The present disclosure relates to fixing devices and image forming apparatuses and has industrial applicability.

Claims

1. A fixing device comprising:

a fixing member configured to fix an image onto a sheet; and

an induction heating section configured to inductively heat the fixing member,

the induction heating section including: an annular coil elongated in a direction perpendicular to a conveyance direction of the sheet; an arched core section including a plurality of arched cores arranged in a longitudinal direction of the annular coil and disposed so as to straddle the annular coil; and a cover that covers the arched core section, the cover having: a first opening row including a plurality of first openings arranged in the longitudinal direction of the annular coil; a second opening row including a plurality of second openings arranged in the longitudinal direction of the annular coil; and a third opening row including a plurality of third openings arranged in the longitudinal direction of the annular coil, the annular coil including: a first linear section extending in the longitudinal direction of the annular coil; and a second linear section extending opposite to the first linear section, wherein

both the first opening row and the second opening row are located at a side closer to the first linear section than a center line of the annular coil in the longitudinal direction,

the second opening row is located closer to the second linear section than the first opening row, and

the third opening row is located at a side closer to the second linear section than the center line.

2. The fixing device according to claim 1, wherein

the cover includes a plurality of first guides located at the respective second openings, and

the first guides guide gas from the second openings to a space in which the second linear section of the annular coil is placed.

3. The fixing device according to claim 1, further comprising

a guide elongated in the longitudinal direction of the annular coil and disposed between the arched core section and the cover, wherein

the guide guides gas coming through the second openings to the second linear section of the annular coil.

4. The fixing device according to claim 1, further comprising

a blower configured to send gas toward the first openings and the second openings.

5. The fixing device according to claim 1, wherein

the arched core section further includes an arched core holder configured to hold the plurality of arched cores,

the arched core holder includes a plurality of holding portions configured to hold the respective arched cores,

the arched core holder has a plurality of fourth openings that are each located between adjacent two of the holding portions.

6. The fixing device according to claim 5, wherein

the first openings are located opposite to the holding portions.

7. The fixing device according to claim 5, wherein

the second openings are located opposite to the fourth openings.

8. The fixing device according to claim 5, wherein

the third openings are located opposite to the holding portions.

9. The fixing device according to claim 1, wherein

the first openings have a smaller area than the second openings.

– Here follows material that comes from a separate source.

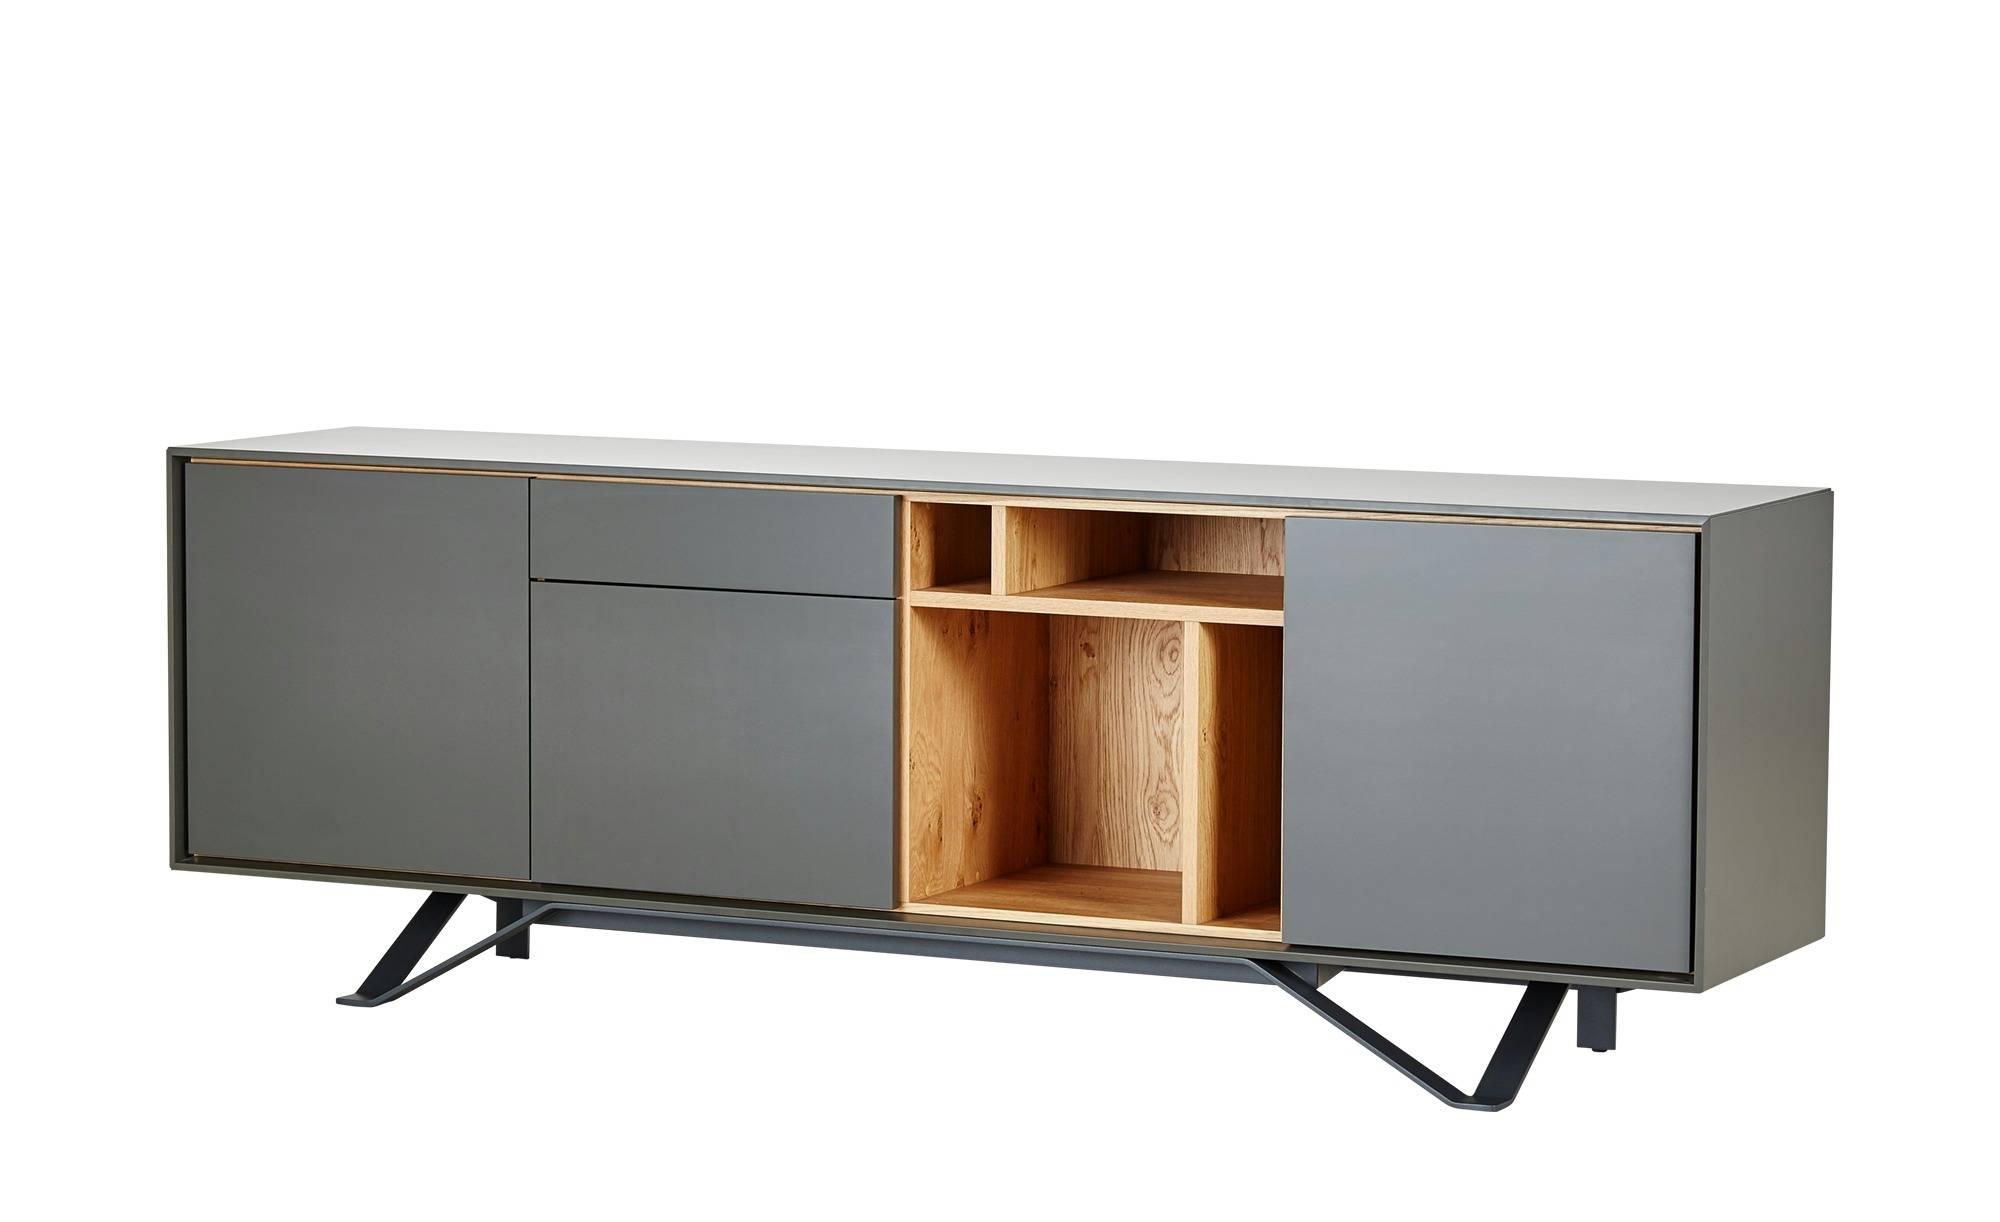 Hülsta Sideboard Scopia | Möbel Höffner pertaining to Hulsta Sideboards (Image 11 of 15)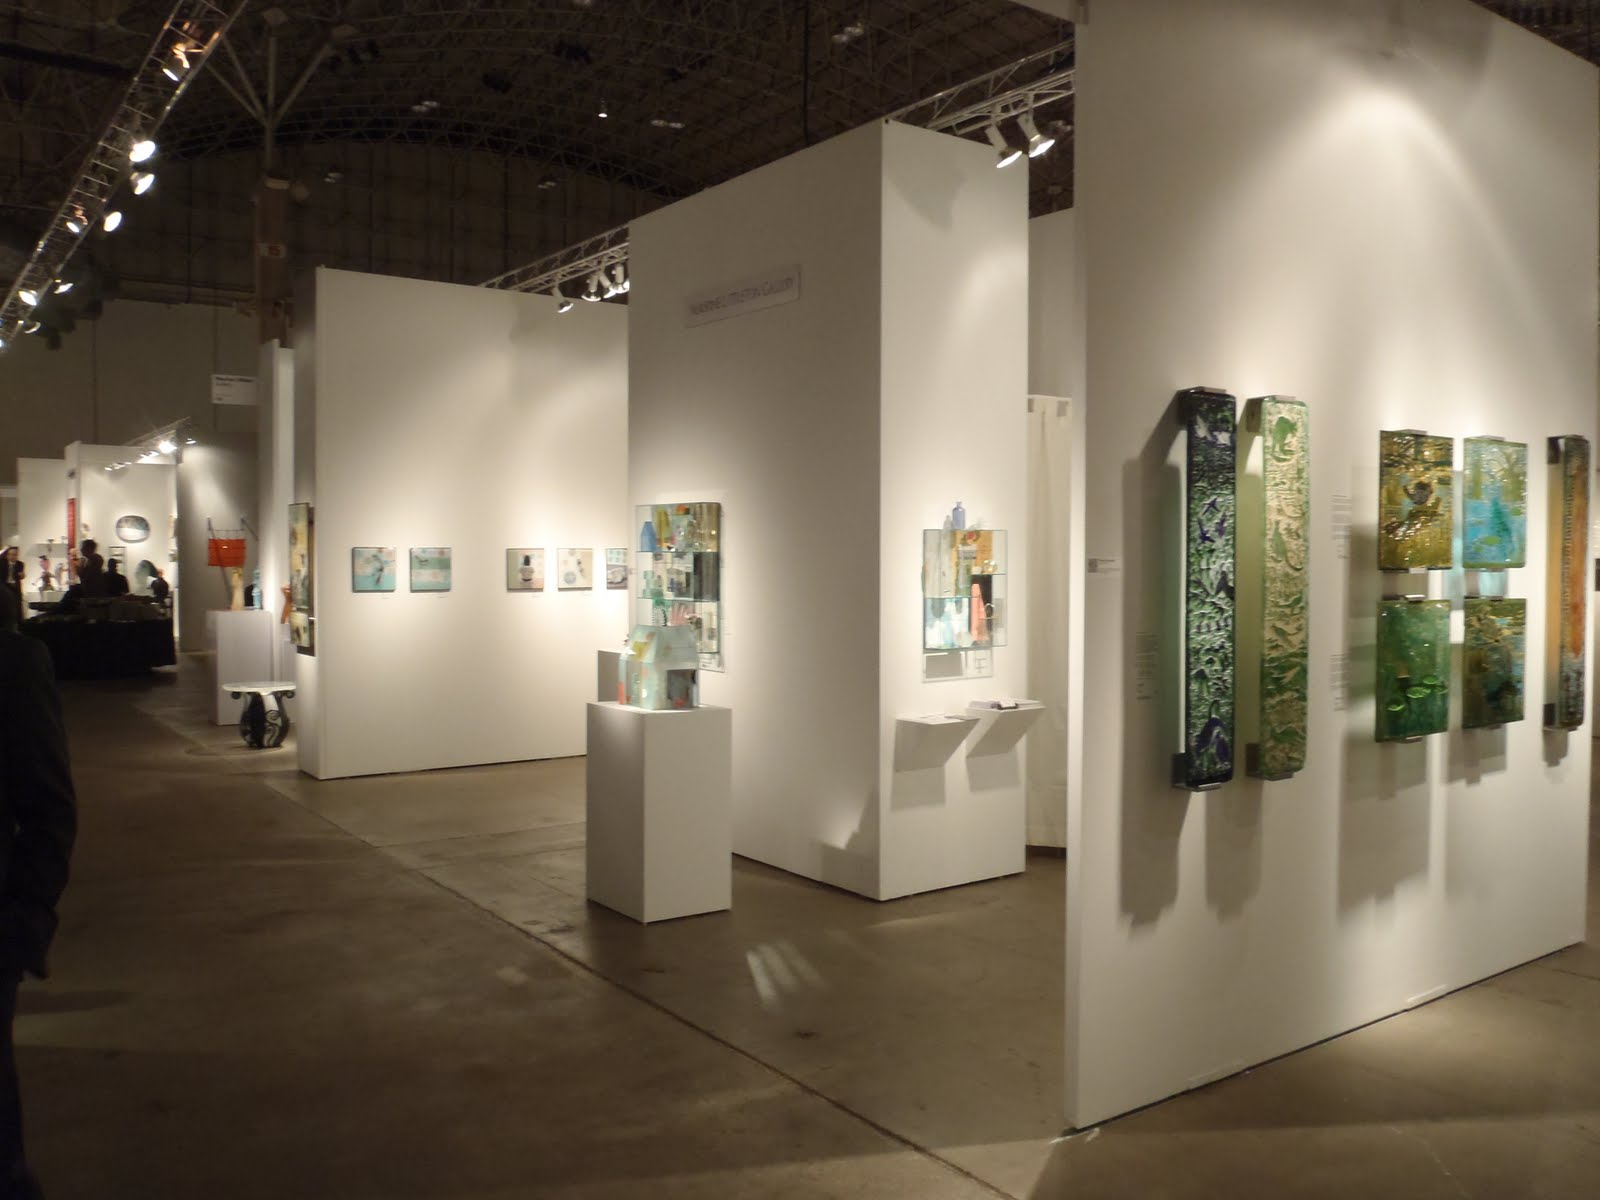 Sofa Art Gallery Loft Miami Fl Washington Glass School Report From Chicago

10. The fixing device according to claim 2, wherein

each of the first guides:

is plate shaped;

extends from a section of an opening edge of a corresponding one of the second openings that is farthest from the third openings; and

is inclined toward an interior of the cover at an acute angle relative to the corresponding one of the second openings.

11. An image forming apparatus comprising:

the fixing device according to claim 1; and

an image forming section configured to form an image on a sheet.